Mexican Spanish slang

La chingada is a term commonly used in colloquial, even crass, Mexican Spanish that refers to various conditions or situations of, generally, negative connotations. The word is derived from the verb chingar, "to fuck".

The concept of "la chingada" has been famously analysed by Octavio Paz in his book The Labyrinth of Solitude.

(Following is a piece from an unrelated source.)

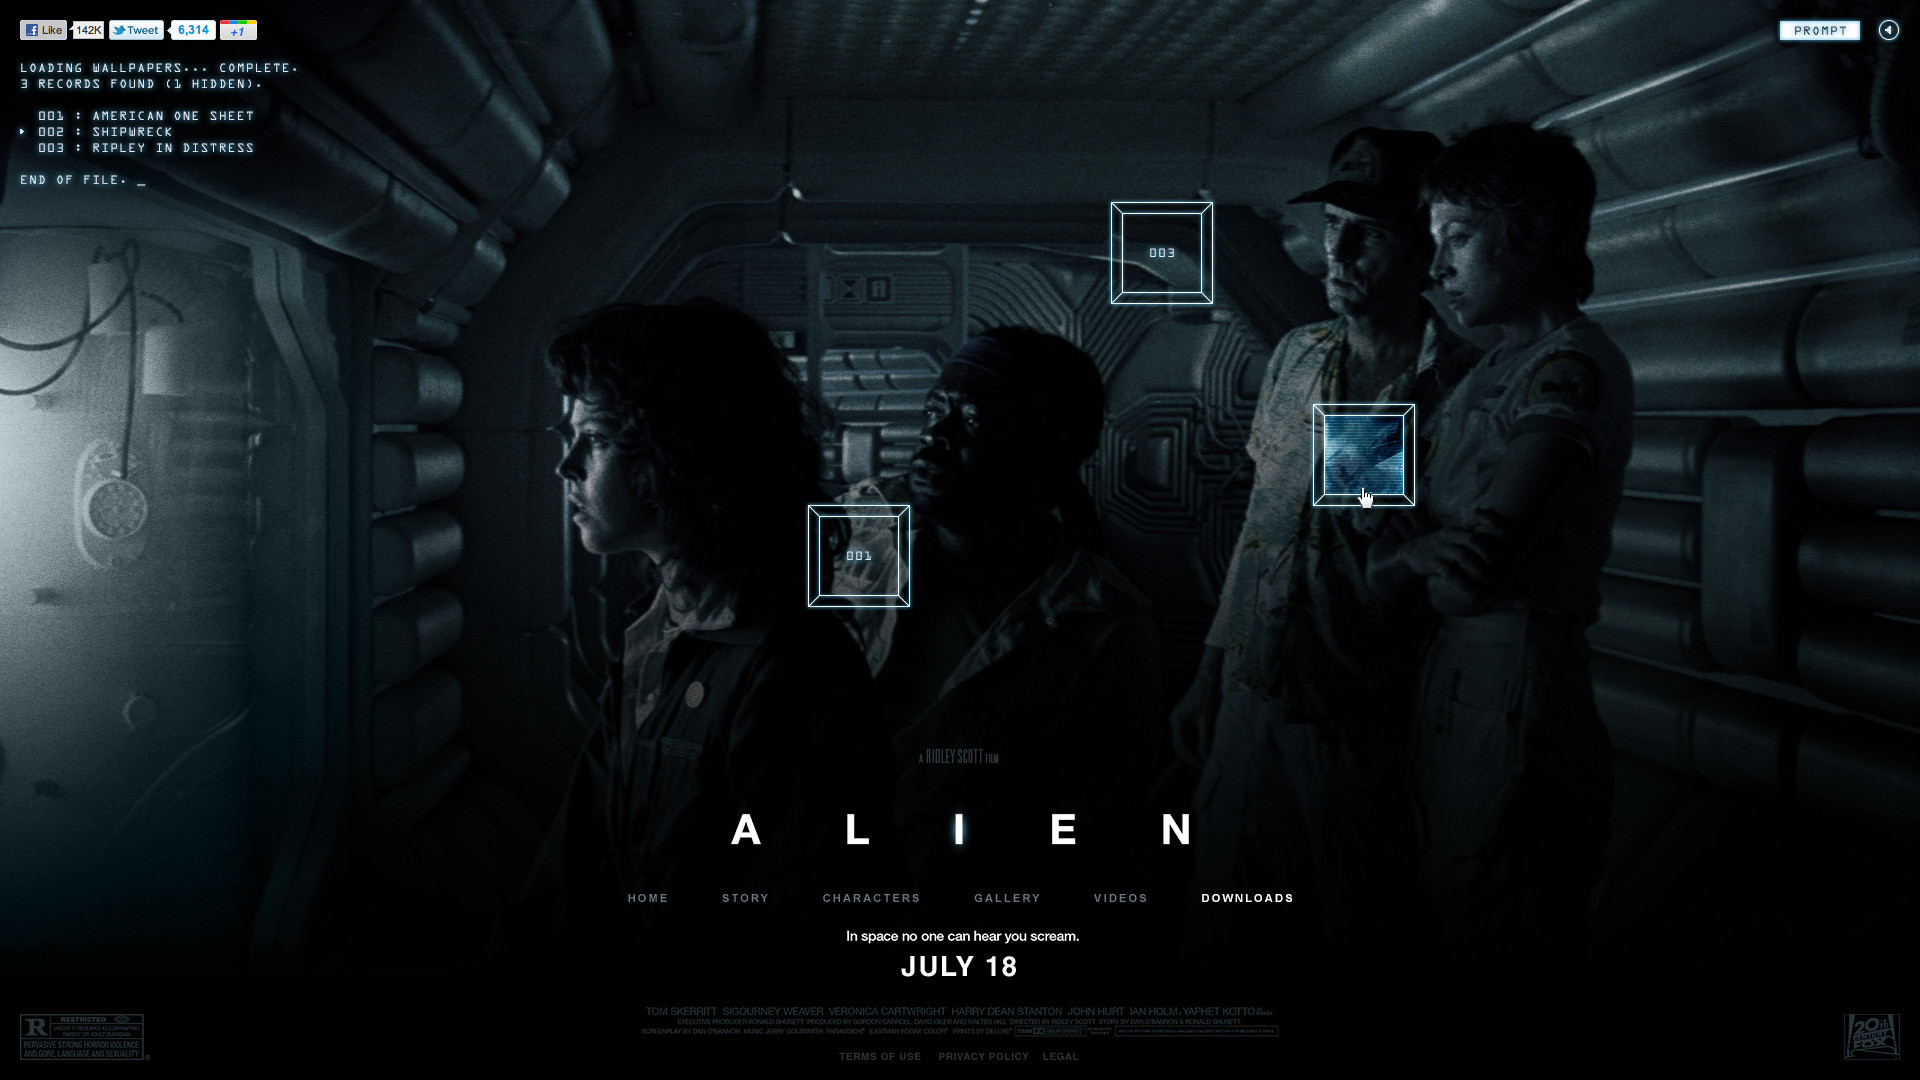 alien movie wallpaper 75 images

==Spanish uses of the expression==
The following list of expressions featuring "la chingada" appear in Gómez de Silva's Diccionario breve de mexicanismos (2001):

- Estar dado a la chingada: "to be given to la chingada," that is, ruined, that you have lost everything.
- Estar de la chingada: to be somehow too bad, difficult, or complicated.
- Ir hecho la chingada: to go lightning-fast.
- Ir a la chingada: "to go to la chingada," or to go away upset, to go fuck yourself.
- Irse algo a la chingada: to break or damage something, something "going away to la chingada".
- Llevárselo a alguien la chingada: to be angry, or in a tight spot.
- Hijo de tu chingada madre: "you son of your fucking mother" or "hijo de tu puta madre" (literally: son of your whore mother) meaning "you son of a whore" and also "hijo-esu (hijo de su) puta madre" is similar to saying "son of a bitch" in general. Hijo de su chingada madre can be idiomatically translated as "Son of your fucking mom" (madre means mother).
- Mandar a alguien a la chingada: "send someone to la chingada," which means saying goodbye with disdain or annoyance to someone who is bothersome.
- ¡Me lleva la chingada!: "I'm fucked!", exclamation of protest that is used to give vent to anger, when adversity is experienced, or surprise; euphemistic forms are: ¡me lleva la fregada!, la tía de las muchachas —the aunt of the girls—,la que se cayó por asomarse —the one that fell because peeked—, la tiznada —the begrimed—, la tostada —the toast, the tan one—, la trampa —the trap—, el tren —the train—, la tristeza —the sadness—, la trompada —the slap—, la verga —the dick.
- Vete a la chingada: "Fuck off!" or "go to hell"
- Tu chingada madre: "you motherfucker", or also like: "your fucked mother".